Understanding Crypto Taxation in India

The taxation framework for VDAs in India was introduced through the Finance Act, 2022, and remains unchanged in Budget 2025. Key provisions include:

  • Flat 30% Tax on Gains: Any income arising from the transfer of VDAs (selling, trading, or even spending crypto for goods/services) is subject to a flat 30% tax, plus applicable surcharge and cess. This rate applies irrespective of the holding period (no distinction between short-term or long-term gains) and the nature of income (investment or business).
  • No Deductions (Except Cost of Acquisition): Taxpayers are generally not allowed to deduct any expenses, such as exchange fees, transaction costs, or mining-related expenses, except for the actual cost of acquiring the digital asset.
  • No Loss Set-Off or Carry Forward: Losses incurred from VDA transactions cannot be set off against any other income, nor can they be carried forward to subsequent years.
  • 1% TDS on Transactions: A 1% Tax Deducted at Source (TDS) under Section 194S is applicable on payments made for the transfer of VDAs if the transaction exceeds ₹50,000 in a financial year (or ₹10,000 in certain cases for specified individuals/HUFs). This TDS is often automatically deducted by Indian exchanges. For transactions on foreign exchanges or peer-to-peer (P2P) transfers, the buyer is responsible for deducting and remitting the TDS.
  • Gifted Crypto: The value of gifted cryptocurrency is taxable in the hands of the recipient under “Income from Other Sources,” with exceptions for gifts from close relatives or those valued under ₹50,000.
  • Undisclosed Income: Budget 2025 has further tightened norms, stating that VDAs can now be considered part of undisclosed income in search and seizure cases, attracting higher tax rates (potentially up to 60% without deductions).

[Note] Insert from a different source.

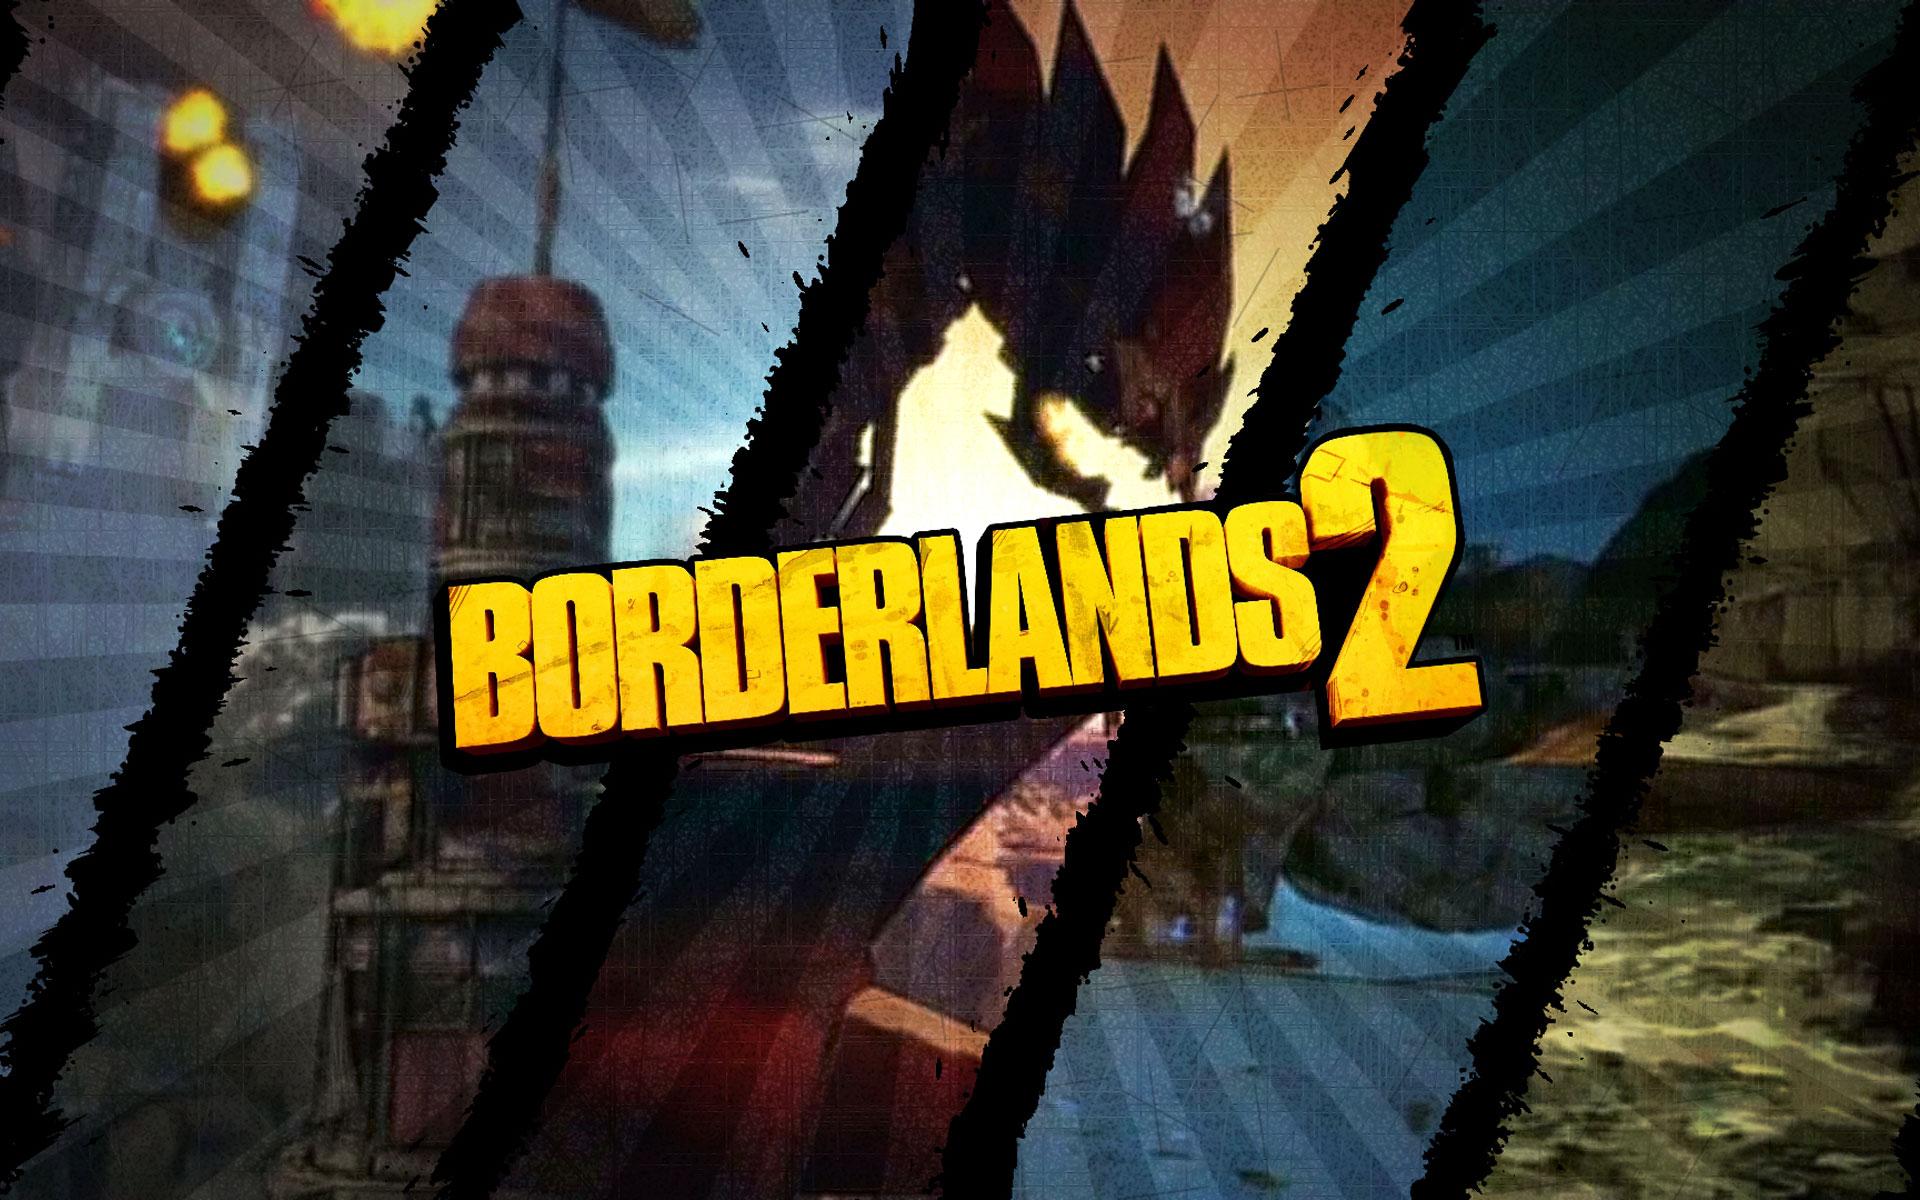 borderlands 2 wallpaper A2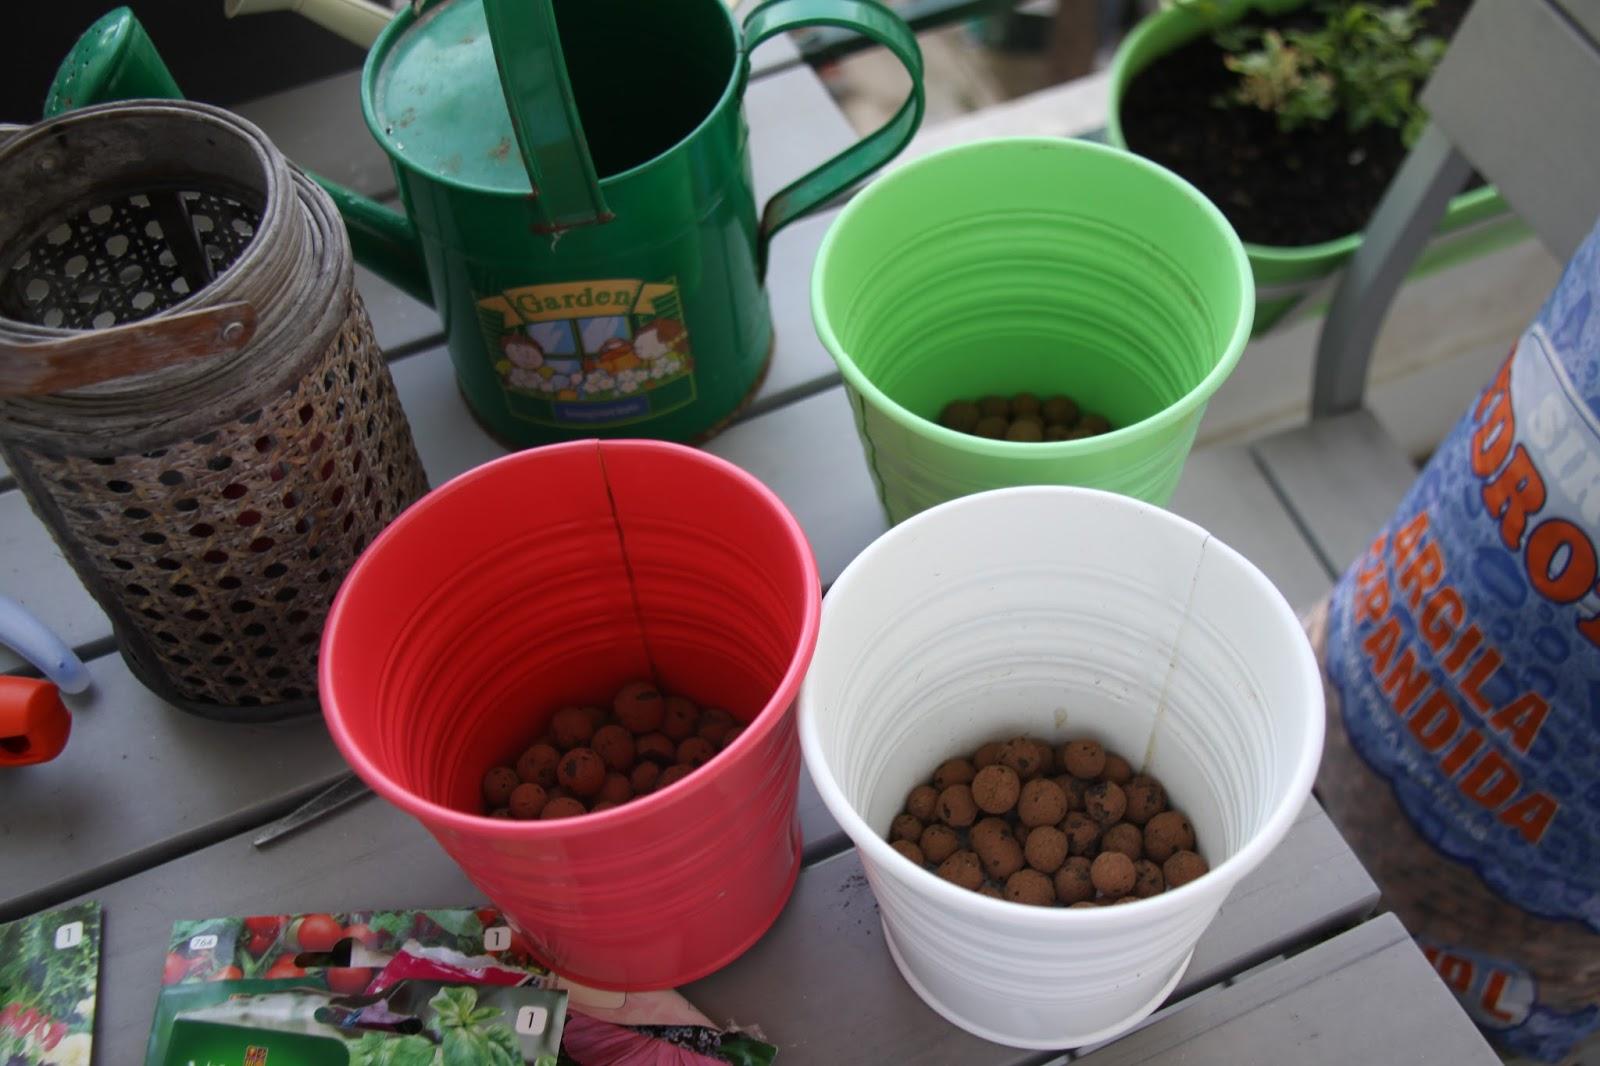 2. Lave os vasos, se for necessário, e coloque leca no fundo (no caso de os vasos serem perfurados).

What This Means for Crypto Investors

The recent notices serve as a clear reminder for all individuals and entities involved in cryptocurrency trading to review their tax filings diligently. The ITD’s enhanced data analytics capabilities mean that undeclared or under-declared crypto income is increasingly identifiable.

Taxpayers who have received notices are advised to:

  1. Review ITRs: Carefully re-check their Income Tax Returns for Financial Year 2022-23 and 2023-24 (Assessment Years 2023-24 and 2024-25) to ensure all crypto gains are accurately reported in Schedule VDA.
  2. File Updated Returns: If any discrepancies are found or income was not declared, consider filing an updated ITR (ITR-U) to rectify the omissions and pay the due taxes along with applicable interest and penalties.
  3. Maintain Records: It is crucial for crypto investors to maintain meticulous records of all their transactions, including purchase and sale dates, acquisition costs, and sale prices, to substantiate their tax filings if required.
  4. Consult a Tax Professional: Given the complexities of crypto taxation, especially concerning international transactions or specific scenarios like airdrops, mining, or staking rewards, consulting a qualified tax advisor is highly recommended to ensure full compliance and avoid future penalties.

The government’s consistent efforts to bring VDAs under a comprehensive tax regime signal a maturing regulatory landscape for cryptocurrencies in India. Voluntary compliance is encouraged, but strict measures are in place for those who fail to adhere to the tax laws. The “NUDGE” is a clear signal: it’s time for crypto traders to get their tax affairs in order.